Dangote disclosed that the NNPC currently owns only 7.25 per cent of the $20bn Lekki-based refinery after failing to complete payment for the originally planned 20 per cent stake agreement. According to him, the company chose not to sell additional shares to the state oil firm because it intends to broaden ownership opportunities for investors and the Nigerian public. He also warned that inconsistent government policies remain one of the biggest risks facing businesses in Nigeria.

The development comes as the refinery continues to reshape Nigeria’s fuel market. Industry data showed that local refineries supplied about 3.18 billion litres of petrol in the first quarter of 2026, while imports dropped sharply to 965.52 million litres. With an estimated average ex-depot price of ₦1,000 per litre, the Dangote refinery alone supplied over ₦3.2 trillion worth of petrol within the period, significantly reducing Nigeria’s dependence on imported fuel.

Dangote also revealed that the refinery is currently operating above its installed 650,000 barrels-per-day capacity, processing as much as 661,000 barrels daily. He added that rising global energy prices caused by tensions between the United States and Iran have boosted demand for the refinery’s products, including aviation fuel, fertiliser and polypropylene. According to him, fertiliser prices surged from $400 to $850 per tonne, while demand for jet fuel has remained extremely high in international markets.
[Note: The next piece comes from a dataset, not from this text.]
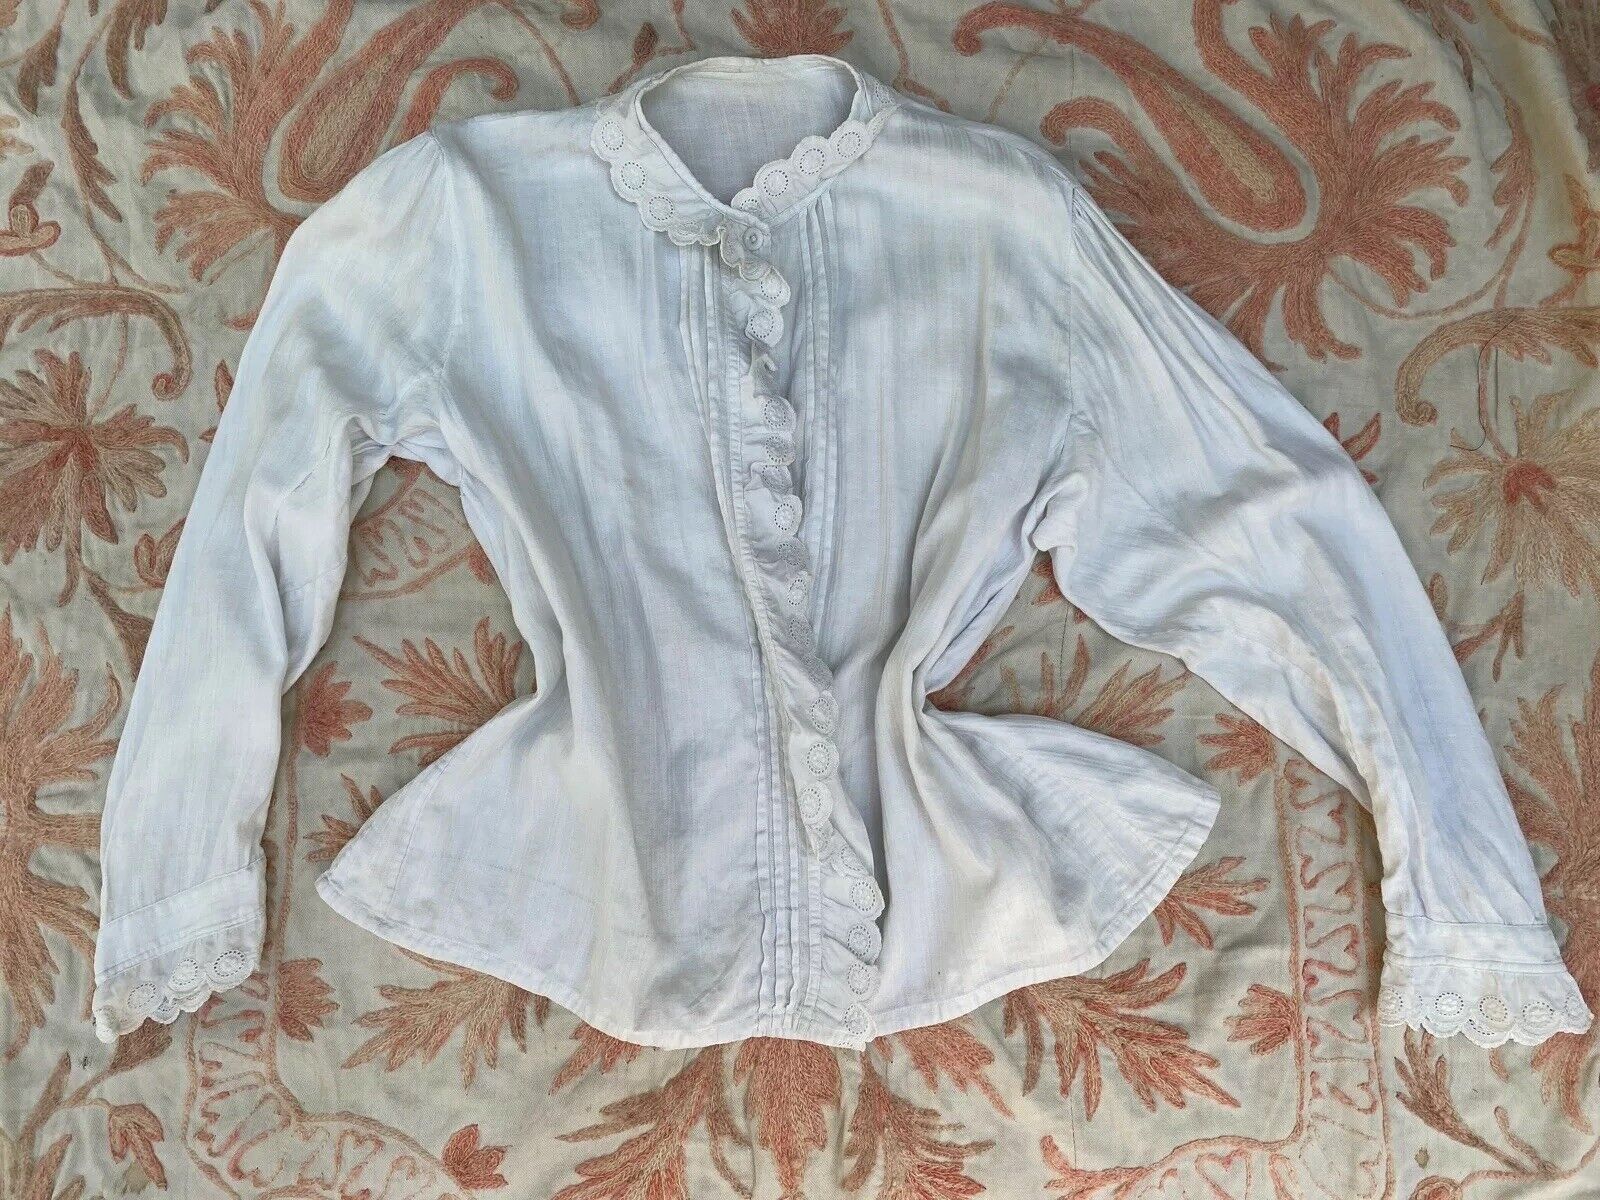 Antique Edwardian White Cotton Blouse Ruffles Lace Embroideey Top Bodice Vintage Popularna wyprzedaż
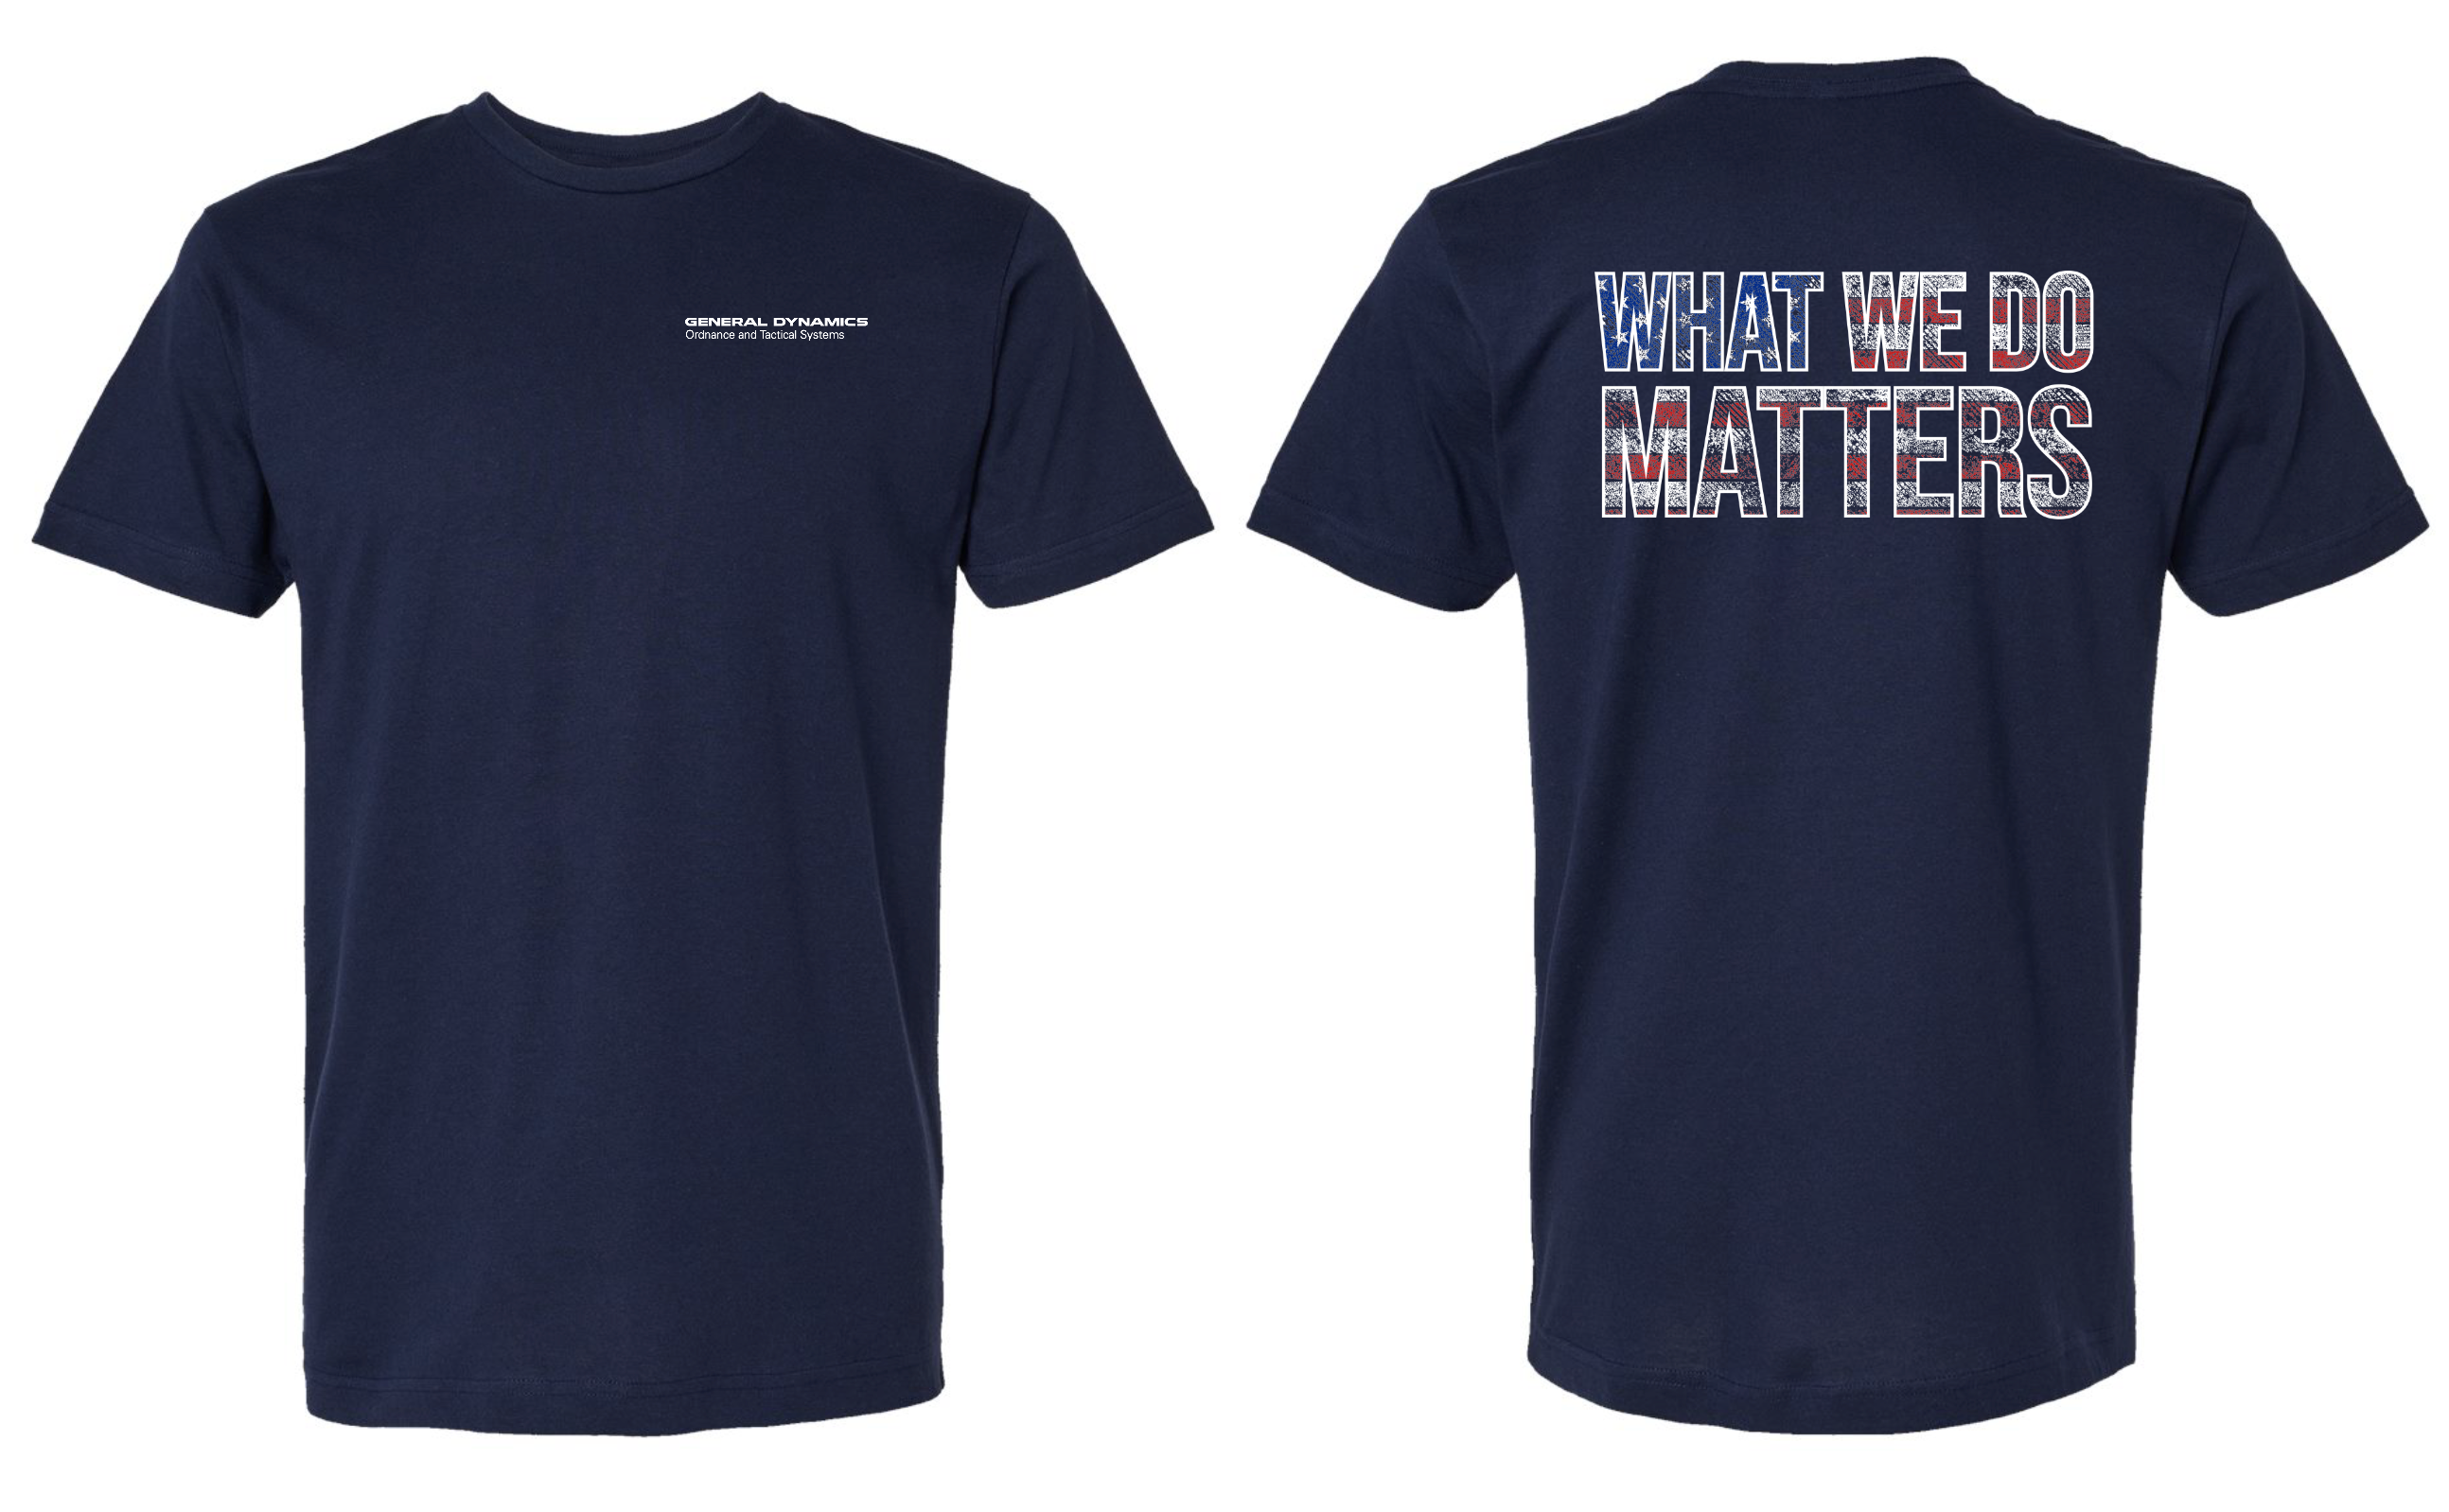 General Dynamics Short or Long Sleeve Navy T-Shirt

The billionaire businessman further stated that the refinery sources crude oil from Nigeria, Angola, Libya and the United States, adding that plans are already underway to expand operations to 1.4 million barrels per day within the next 30 months. Dangote said the group is targeting $100bn in revenue by 2030 and plans to attract more investors into its businesses. He also accused powerful interests benefiting from fuel importation and subsidy payments of trying to frustrate the refinery’s success, insisting that the project has already transformed Nigeria’s downstream oil sector.